▶ **Available data**:
== Segment start ==
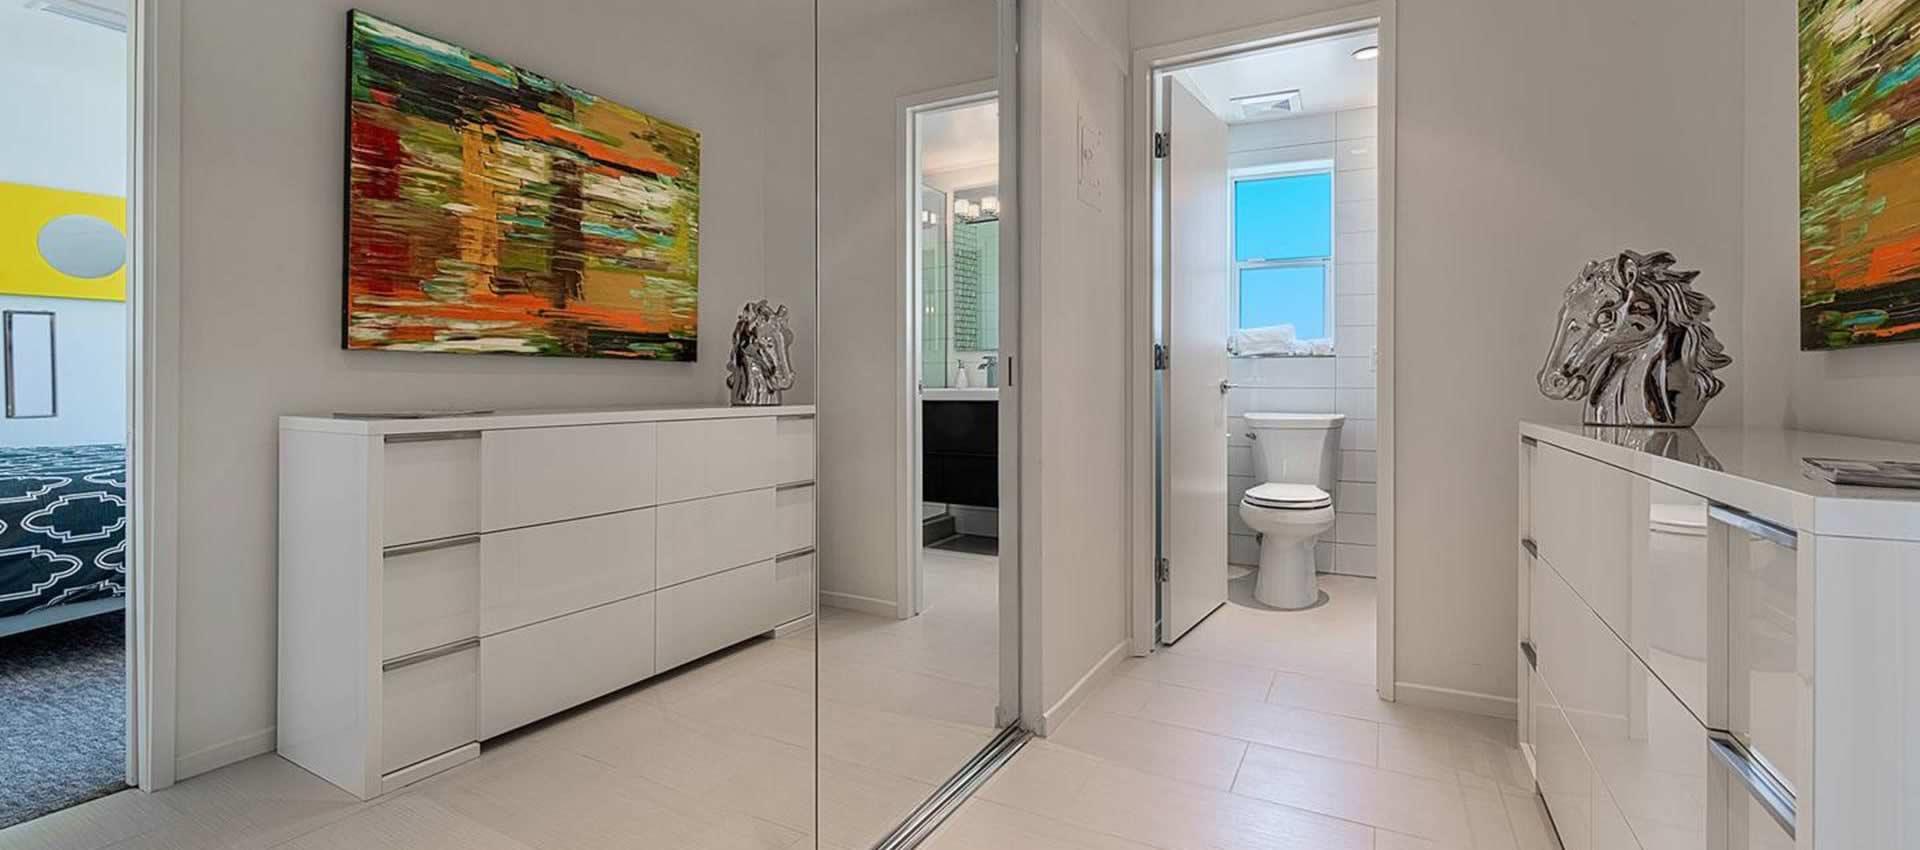 twist-hotel-room107-bath
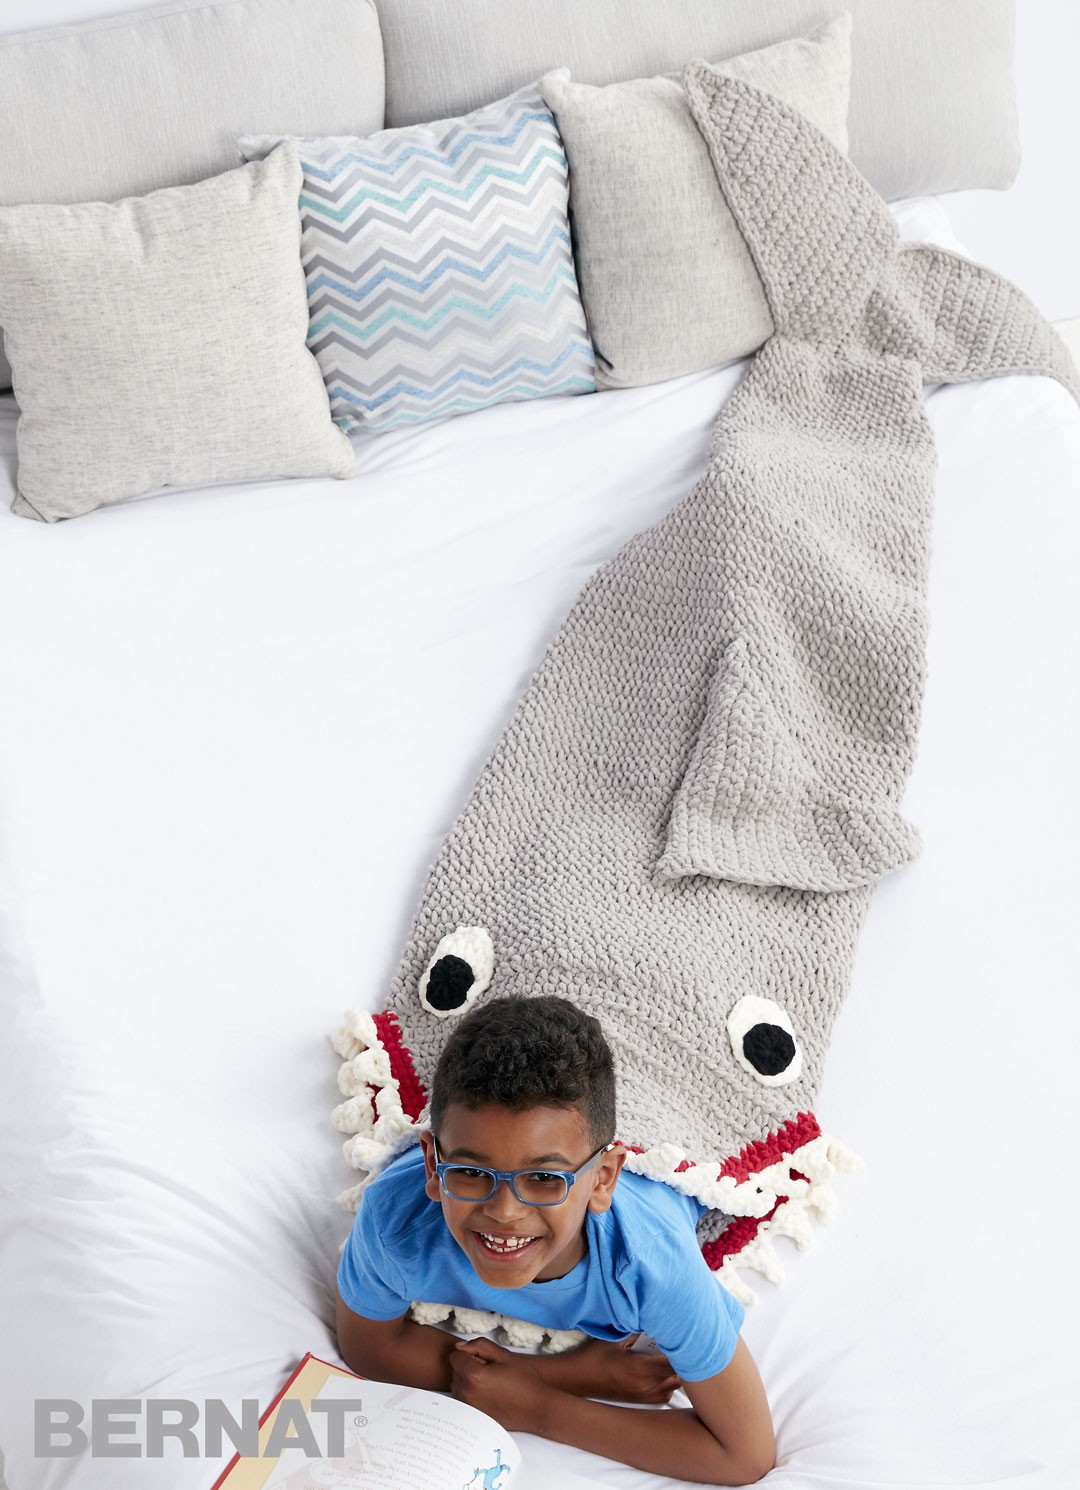 Free Pattern Crochet Shark Blanket : ergahandmade: Crochet Shark Blanket Sack + Free Pattern ...
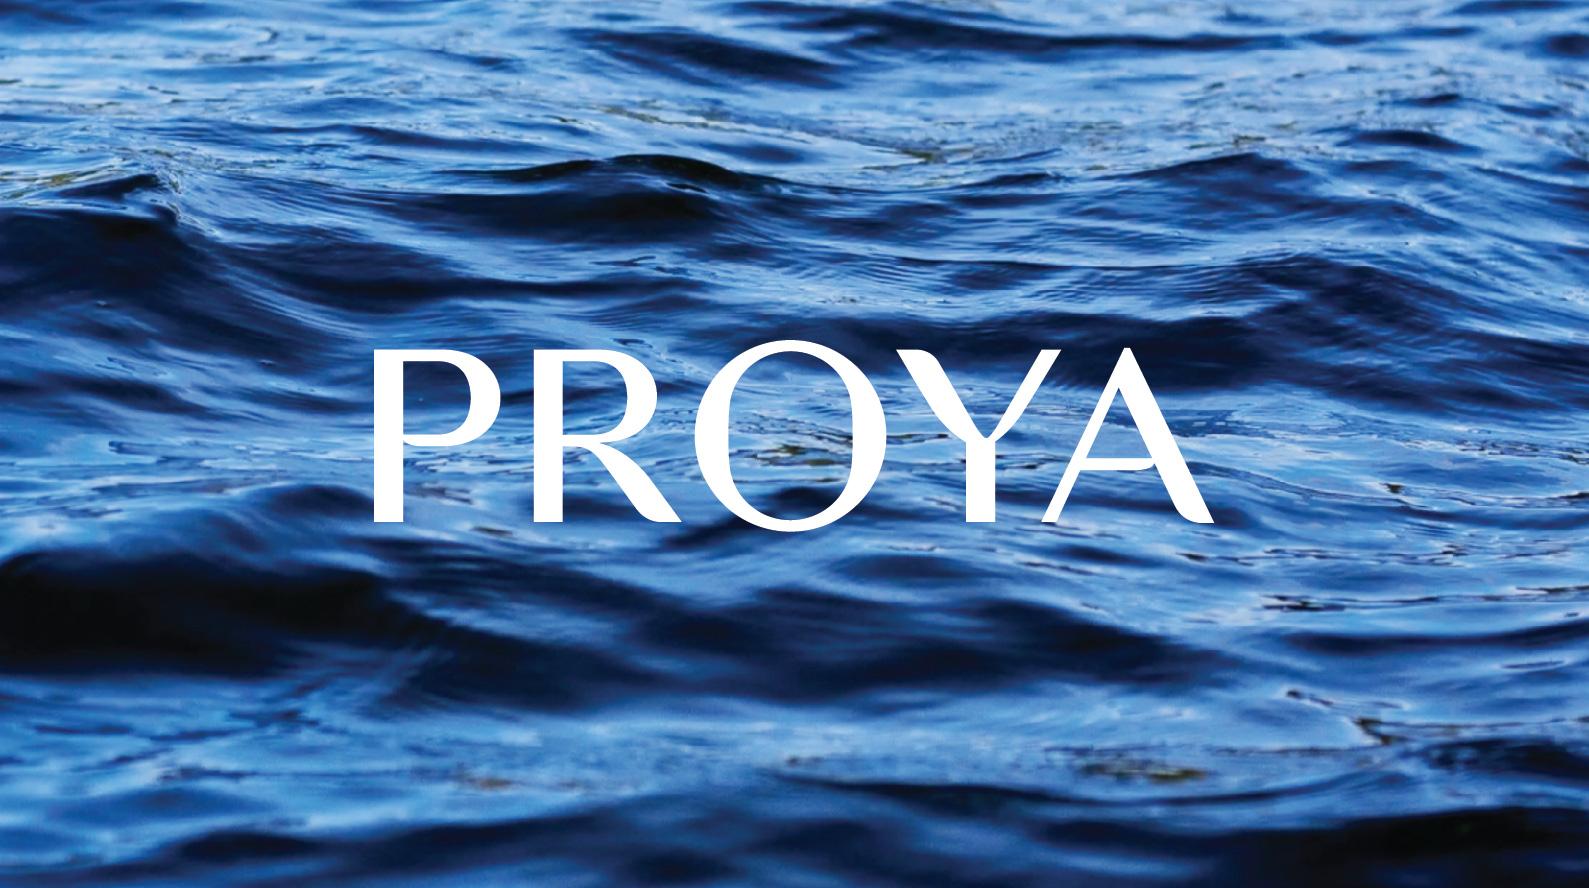 proya_00-4.jpg
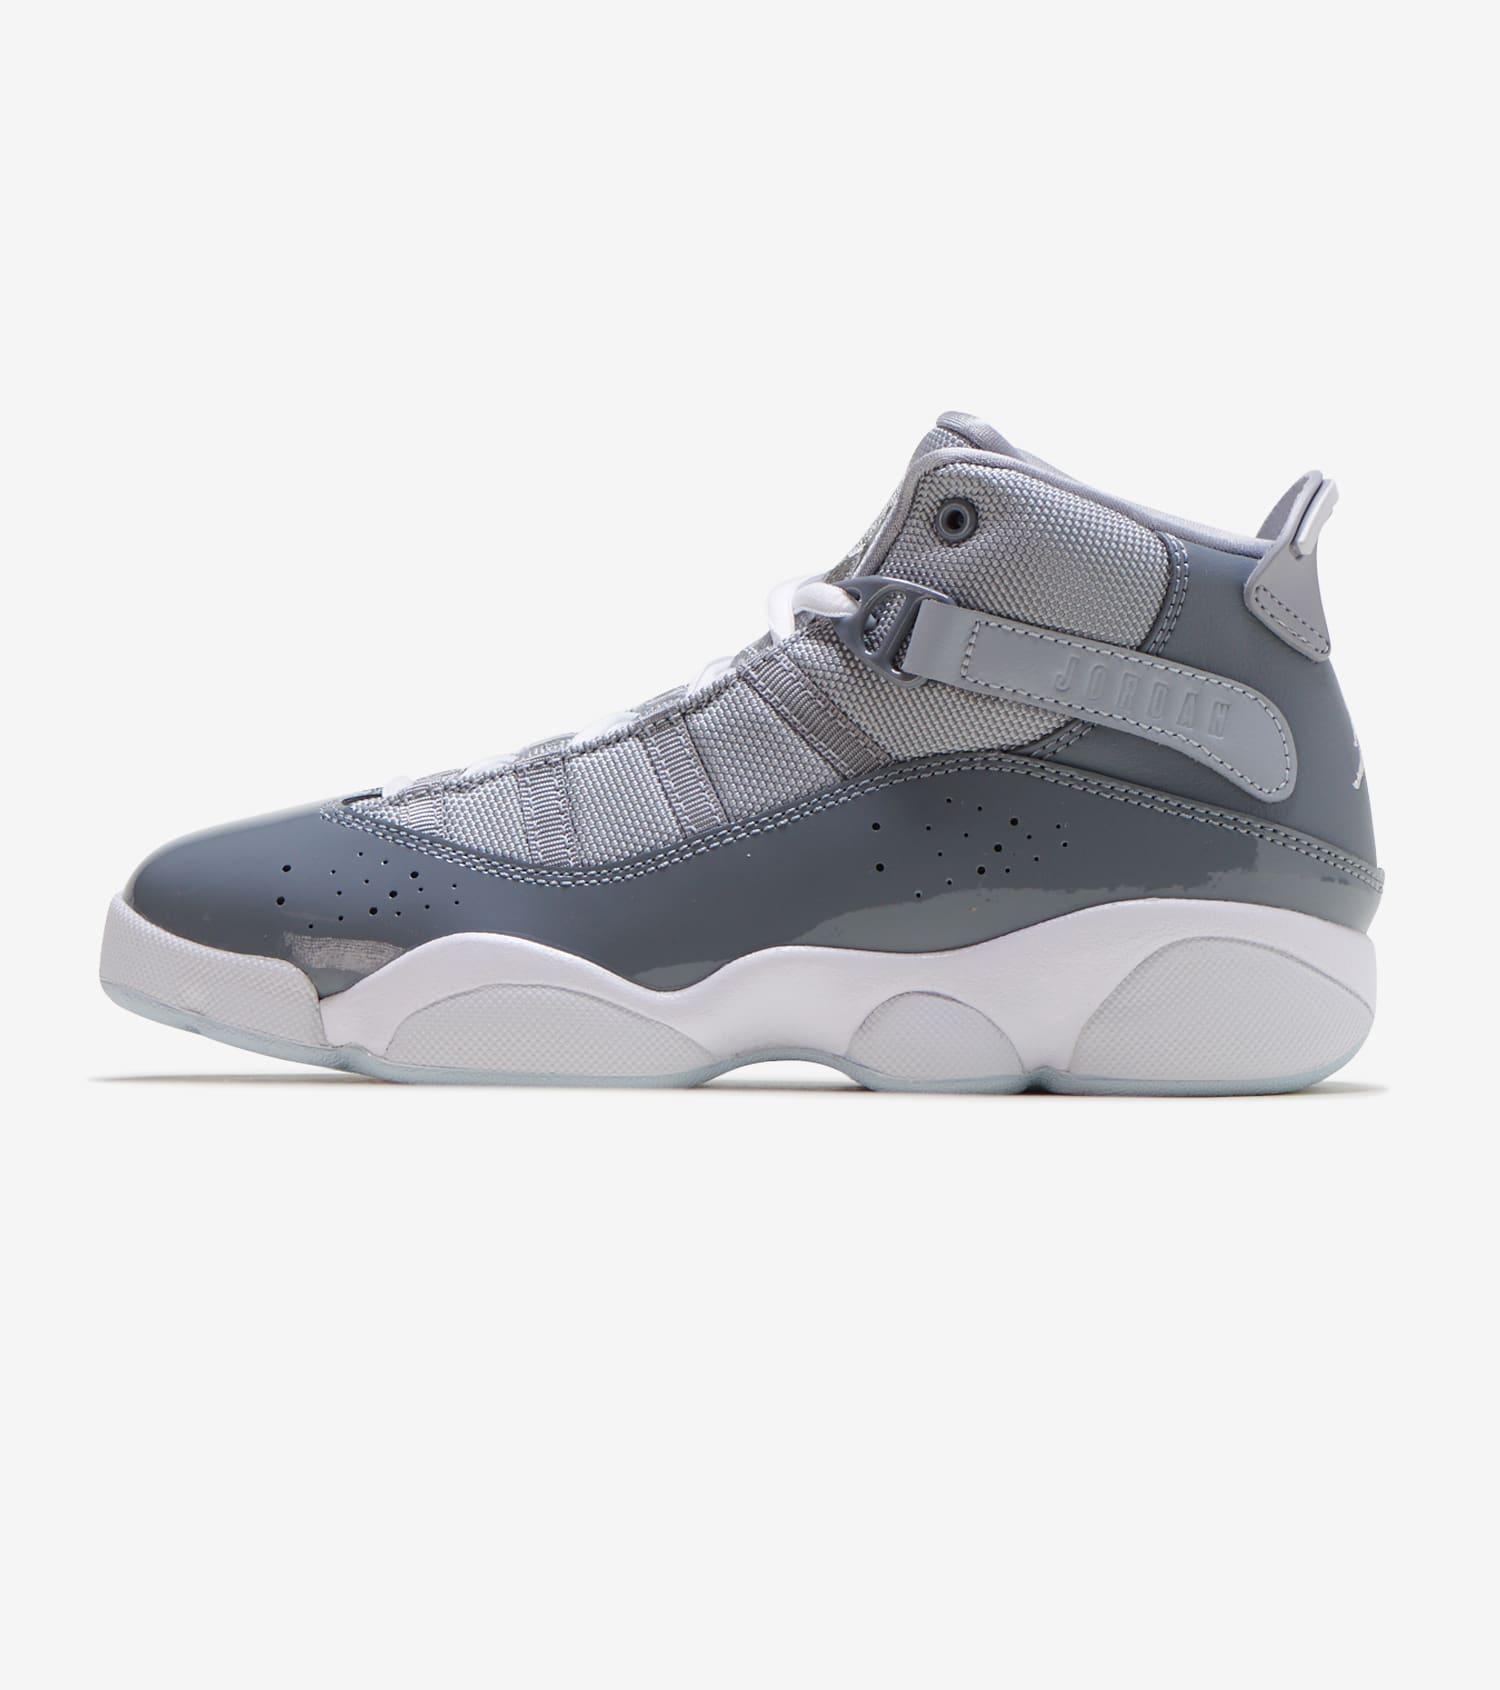 newest c13a2 9c9c6 6 Rings Shoe
== Segment end ==
Every line above is to be written out unchanged, with the pictures omitted.

▶ **Answer to this exercise**:
 twist-hotel-room107-bath
 Free Pattern Crochet Shark Blanket : ergahandmade: Crochet Shark Blanket Sack + Free Pattern ...
 proya_00-4.jpg
 newest c13a2 9c9c6 6 Rings Shoe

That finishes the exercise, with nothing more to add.